EXTRACTED INFORMATION below:

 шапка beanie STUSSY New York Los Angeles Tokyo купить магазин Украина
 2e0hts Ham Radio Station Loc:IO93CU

End of EXTRACTED INFORMATION.
EXTRACTED INFORMATION below:

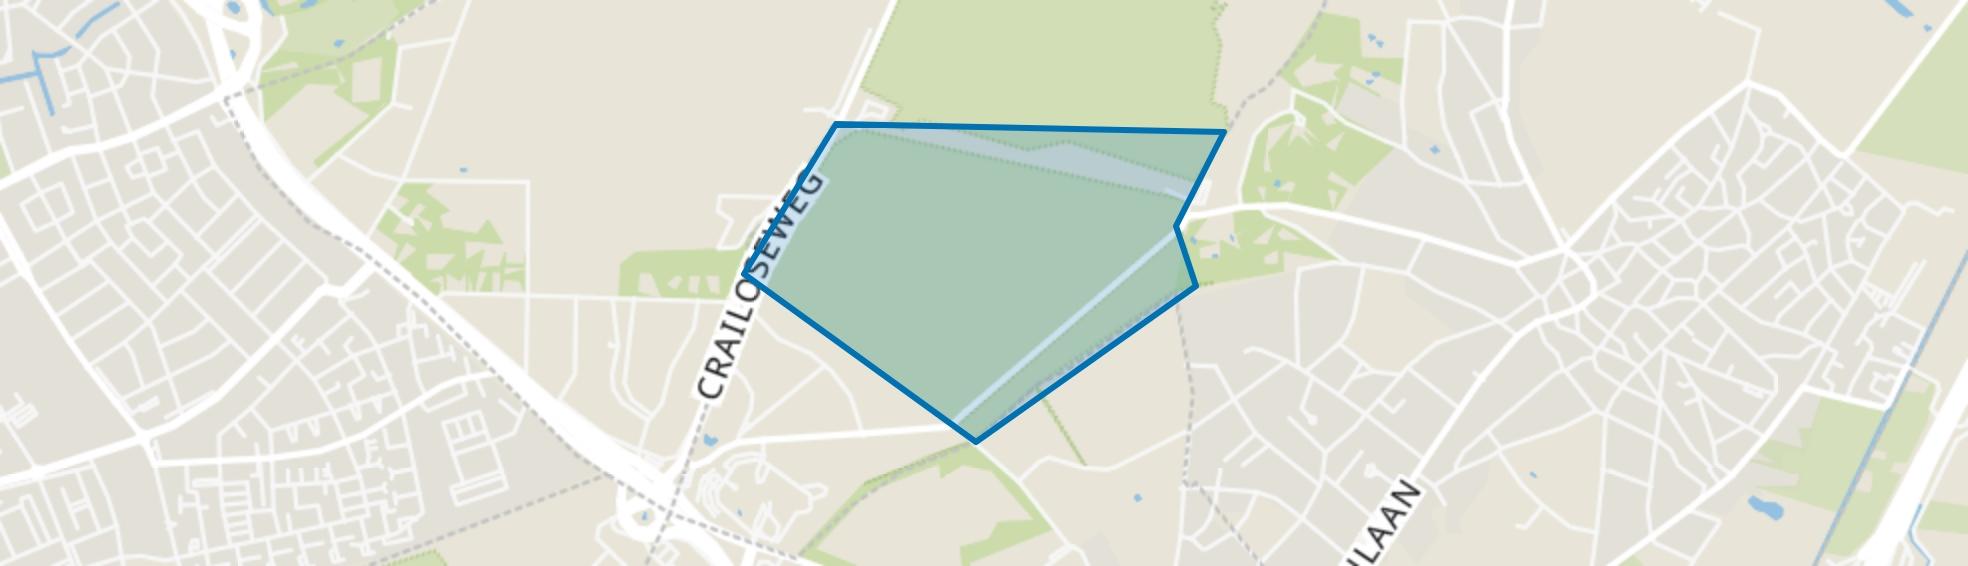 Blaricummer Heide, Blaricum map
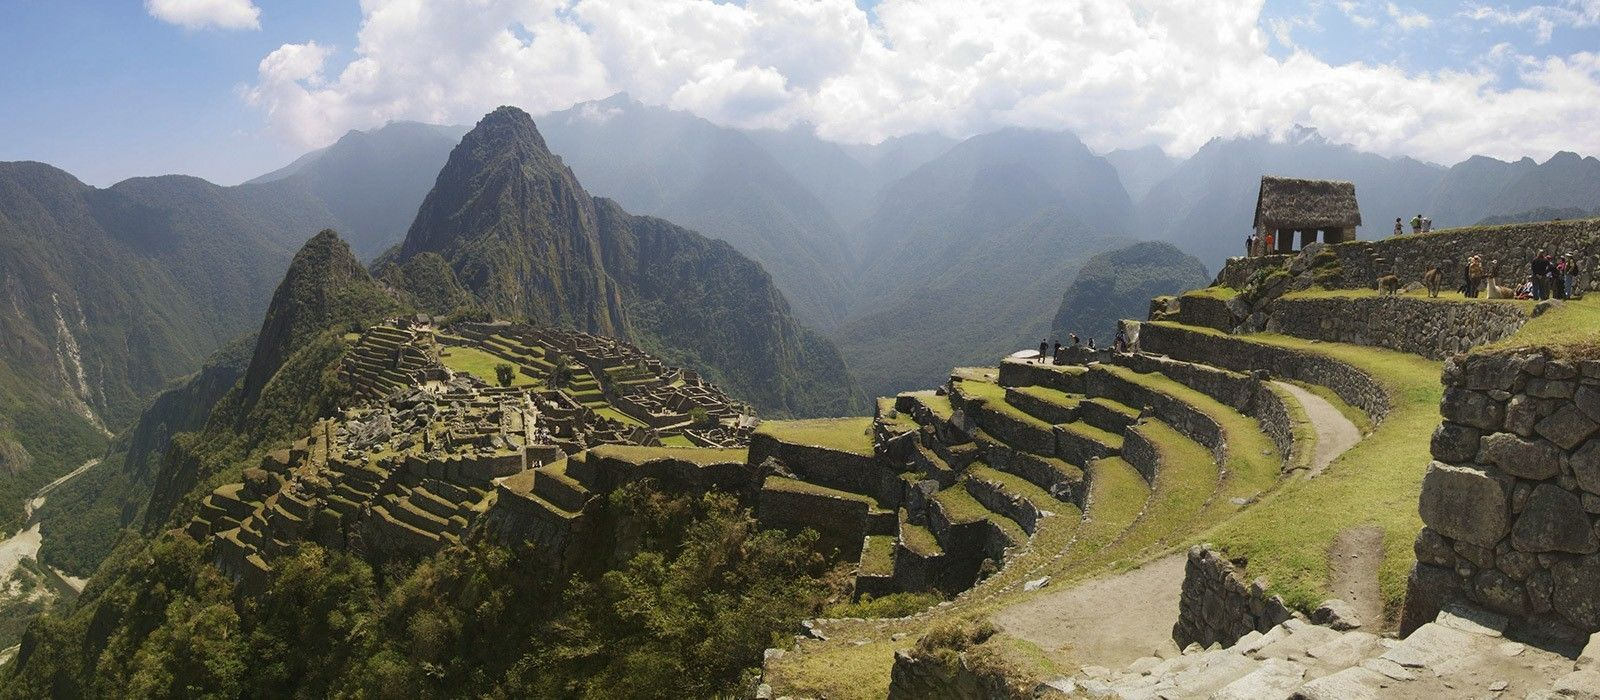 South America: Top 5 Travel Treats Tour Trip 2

End of EXTRACTED INFORMATION.
EXTRACTED INFORMATION below:

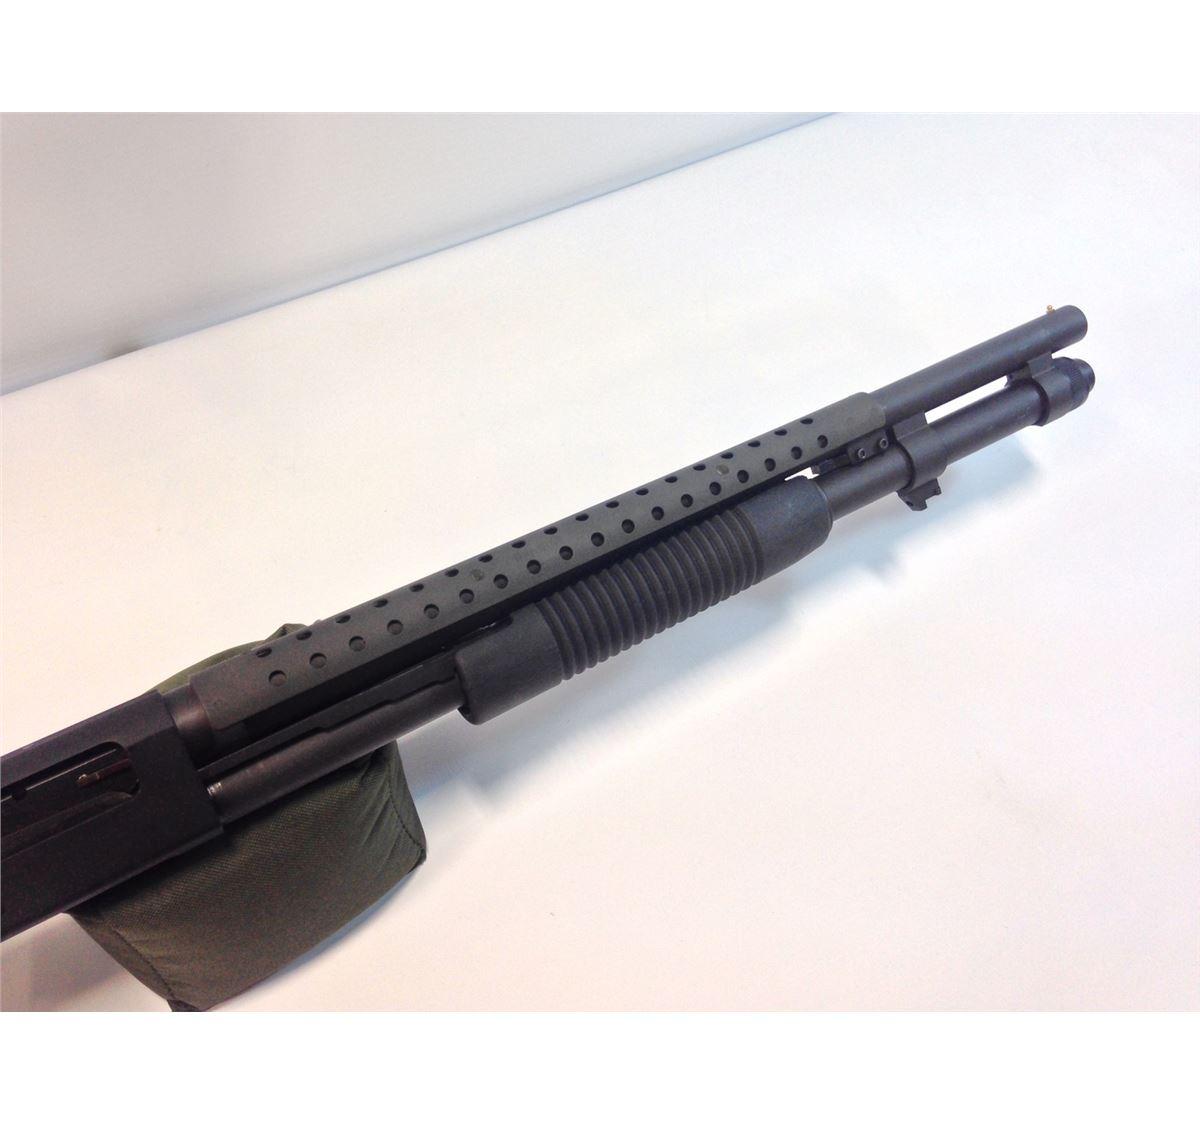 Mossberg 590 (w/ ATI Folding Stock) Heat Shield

End of EXTRACTED INFORMATION.

**WORK INSTRUCTIONS:** The stretch of entries above that starts with the line containing "шапка beanie STUSSY" and goes on through the line containing "2e0hts Ham Radio Station Loc:IO93CU" is to be transcribed exactly, and no other line is to be transcribed.

**SOLUTION TO THIS PROBLEM:**
 шапка beanie STUSSY New York Los Angeles Tokyo купить магазин Украина
 2e0hts Ham Radio Station Loc:IO93CU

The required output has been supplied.